Japan rules. If you really love powder snow you just have to get there at least once in your lifetime.
And yes there is a lot to learn from the japanese, respect for others is probably one of the biggest.


----------



## ETM (Aug 11, 2009)

KIRKRIDER said:


> Typically with underage looking girls and always violence. Who reads them must have a pretty sick idea of sex and sexuality.


It is typical to have a crowd of guys standing around in every 7-11 style store reading those comic books.
FWIW what looks like an under age girl to us could be a 25 year old girl in japan, they look young and live long


----------



## Supra (Jan 11, 2012)

I live there. It's at tateyama in Toyama prefecture.


----------



## Bigfoot (Mar 7, 2013)

Supra said:


> I live there. It's at tateyama in Toyama prefecture.


I traveled to Toyama from Hamamatsu via train. Japan's interior is beautiful. I had business at the Nachi factory.

Incidentally, I found the people in that part of Japan were less accustomed to American Gaijin. At 6'8" I was used to being stared at but in Toyama I felt like a one man freak show.


----------



## bamfb2 (Mar 16, 2011)

ETM said:


> Japan rules. If you really love powder snow you just have to get there at least once in your lifetime.
> And yes there is a lot to learn from the japanese, respect for others is probably one of the biggest.

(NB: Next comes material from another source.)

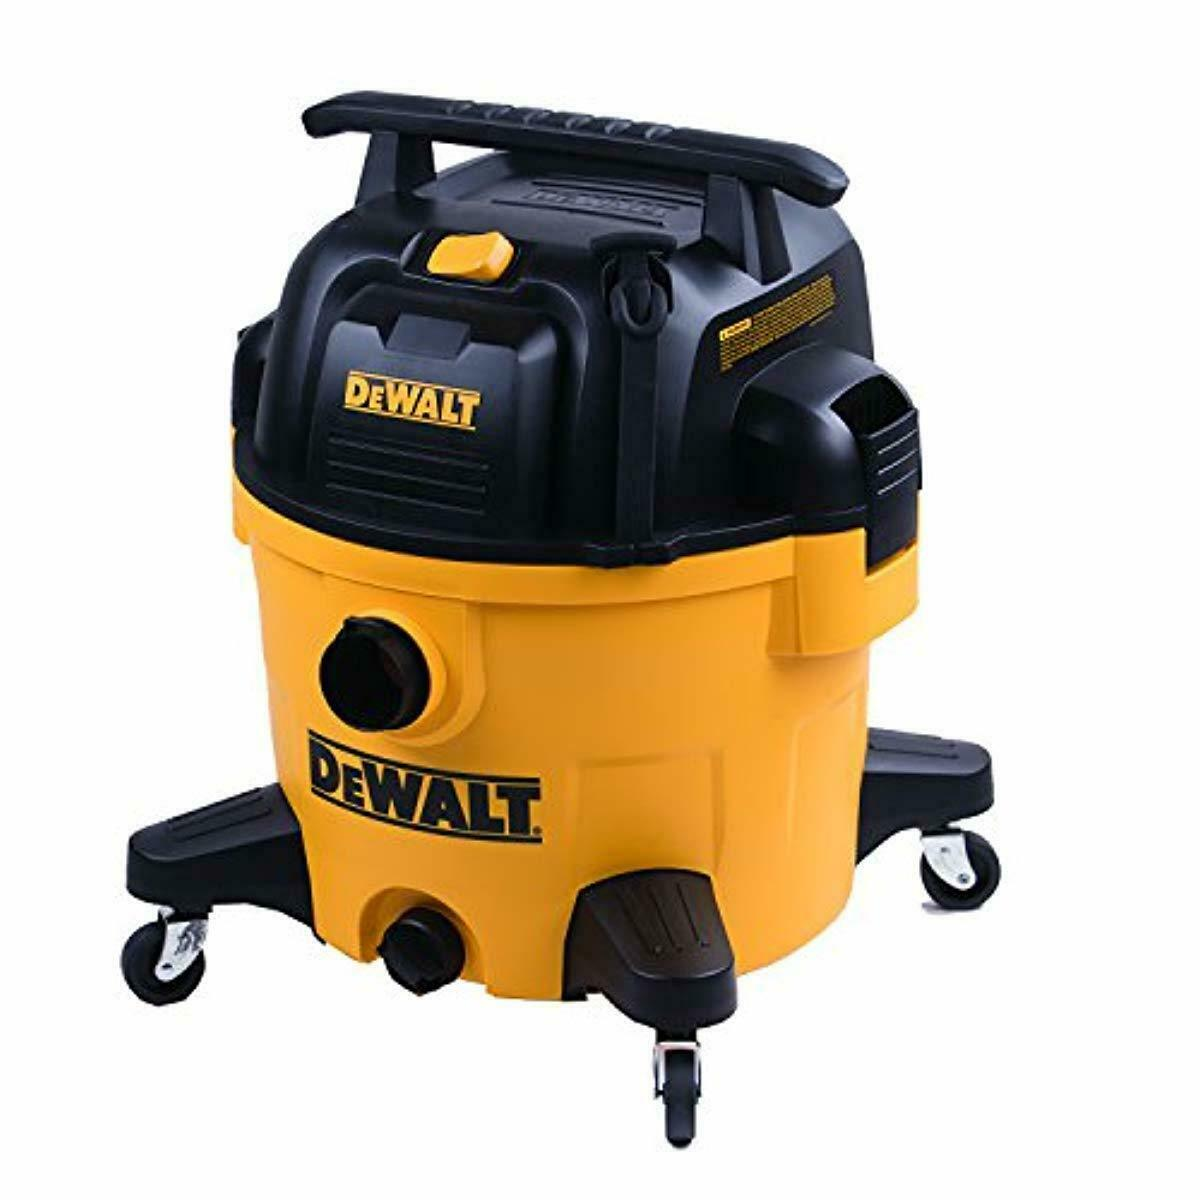 DeWALT 9 Gallon Poly Wet Dry Vac
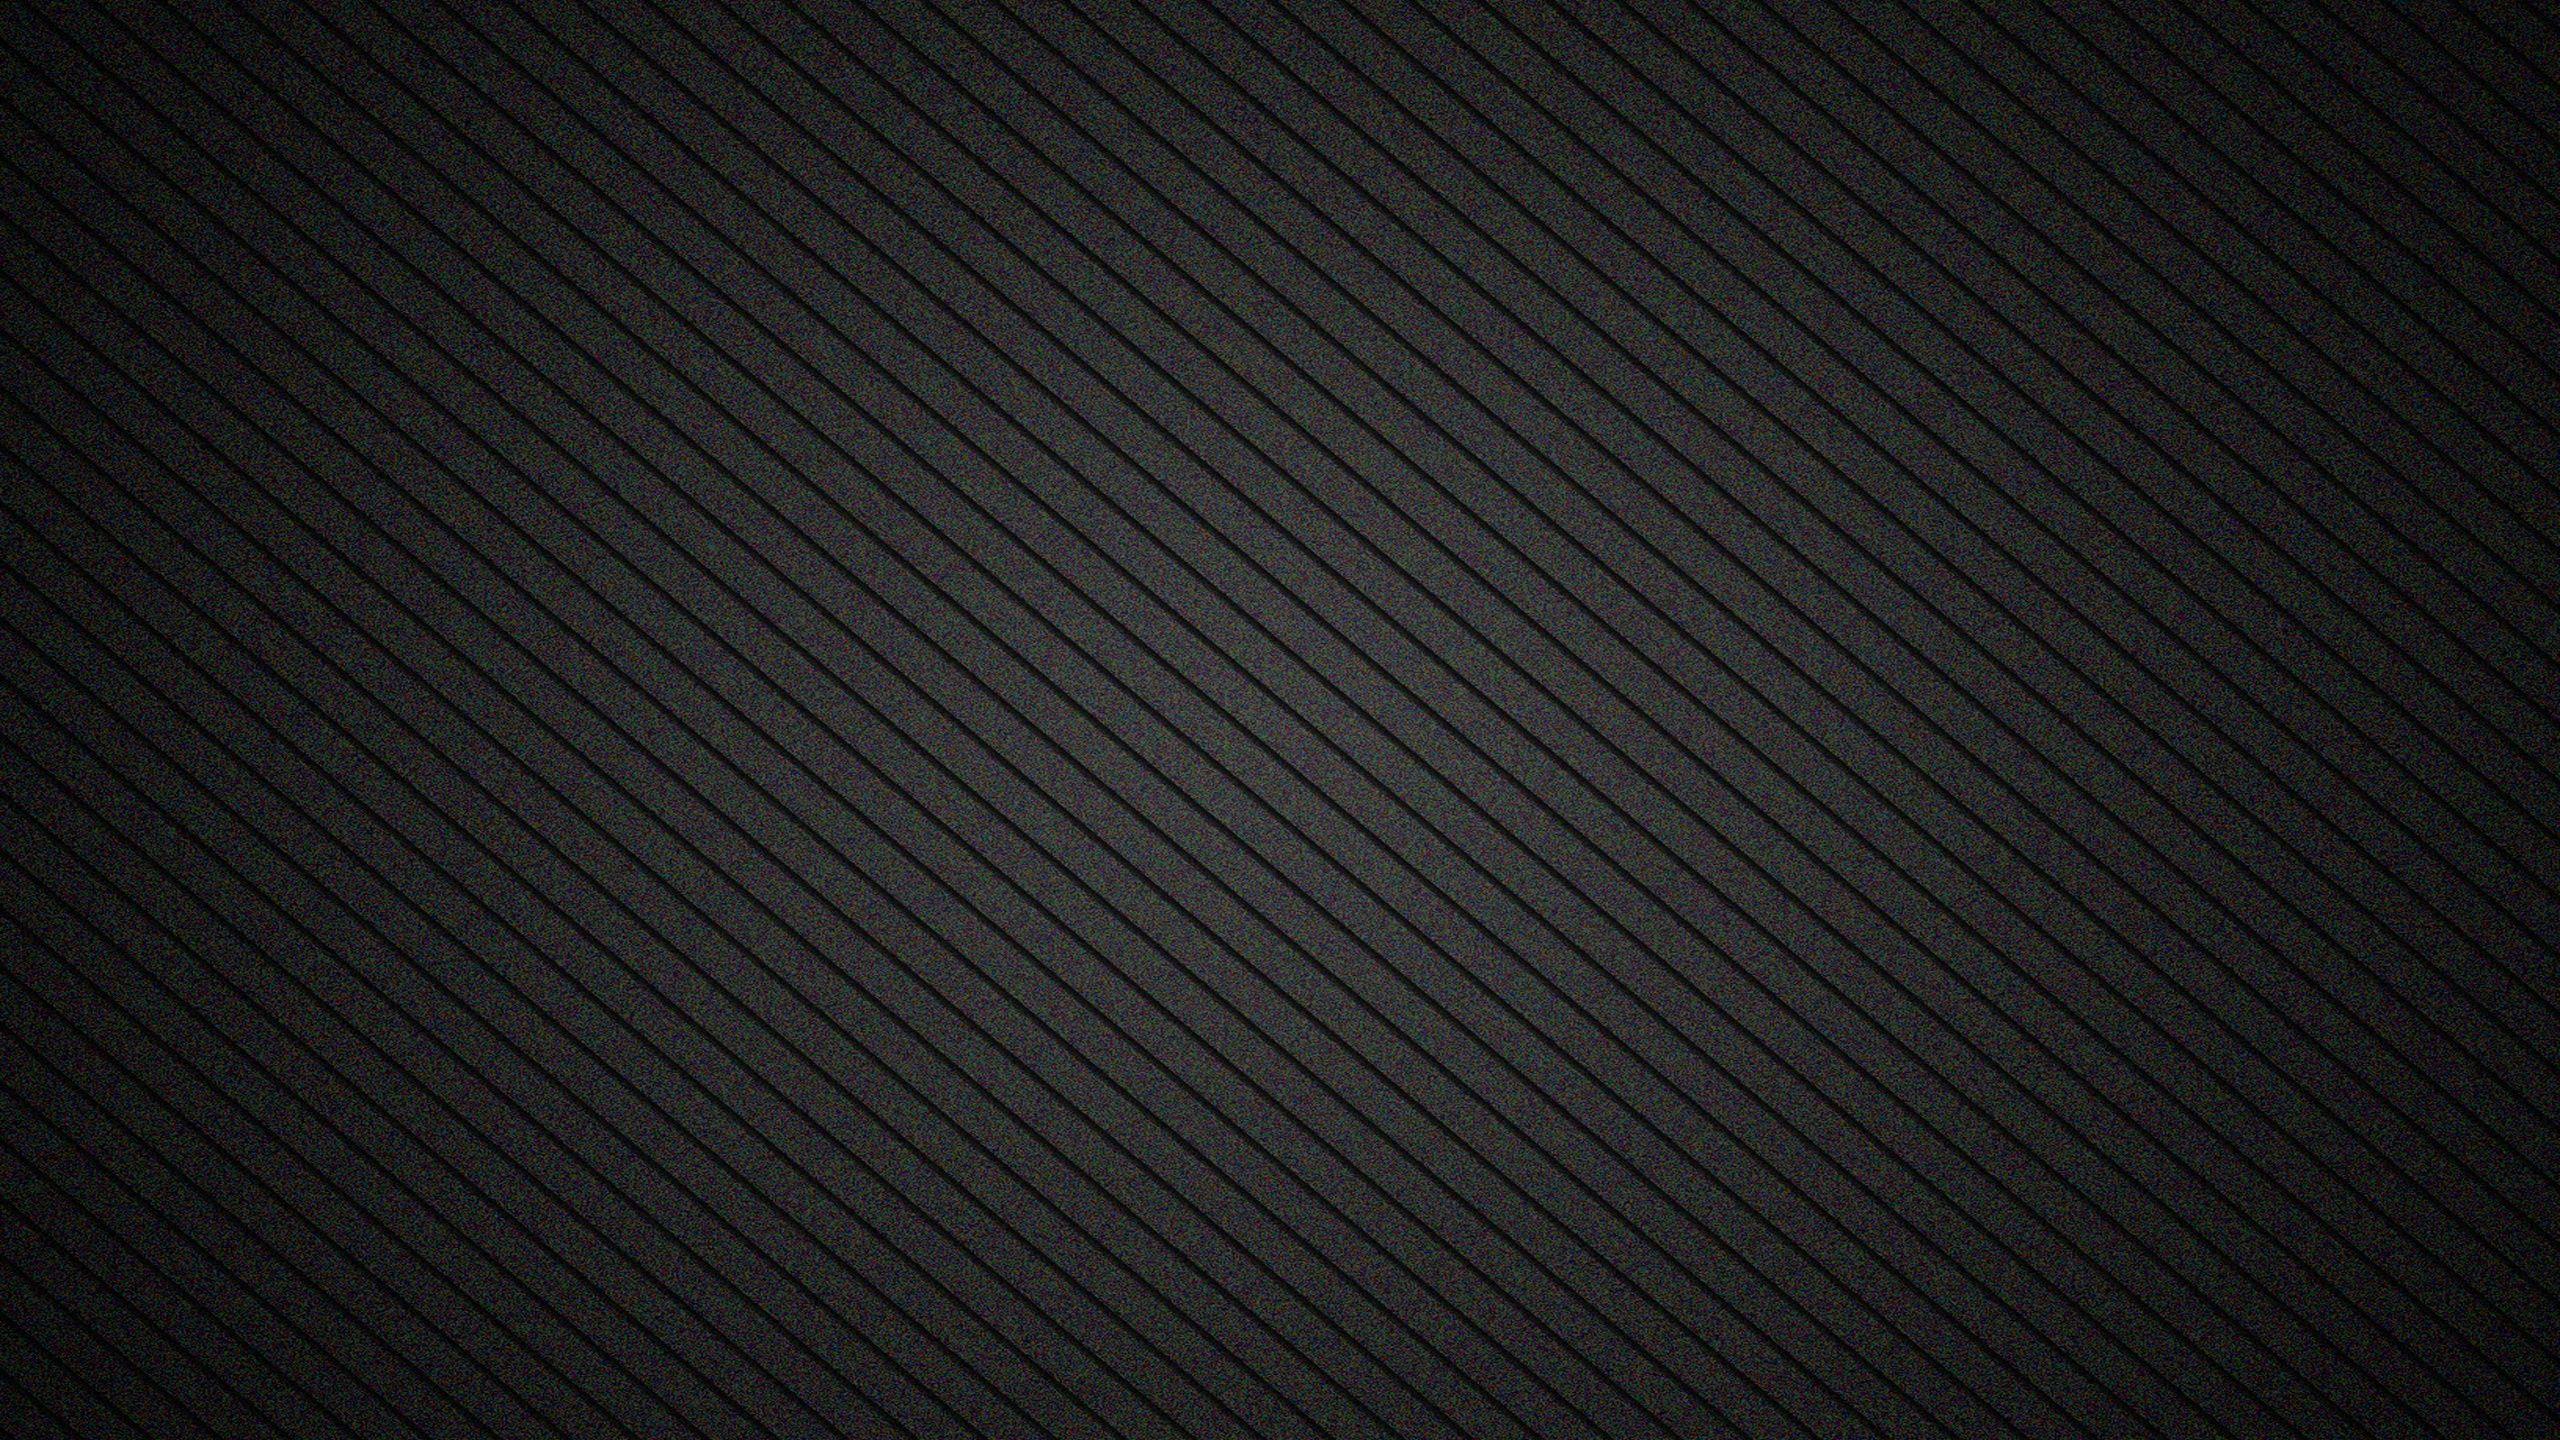 Wallpaper B Wallpapertp 25601440 Wallpaper 2560 X 1440 41

When I finally settle back in Australia, I'm making it a point to do an annual in Japan. Used to do one in Indo, but might switch up locales.


----------



## chomps1211 (Mar 30, 2011)

I saw something similar to that in Bridgeport CA. when I was there for Cold Weather Mountain Warfare Training" back in the 80's! Straight, smooth, 15-18 ft. walls of snow along the sides of the roads! It was amazing walking along down in those man made valley's of snow! (...wish I had discovered snowboarding back then!!!)

I think a trip to Japan _definitely_ needs to be added to the "Wish List!!"


----------



## tokyo_dom (Jan 7, 2013)

And to think this isn't mid-winter... this road opens in spring, when the rest of Japan is thawing out and snow resorts are closing.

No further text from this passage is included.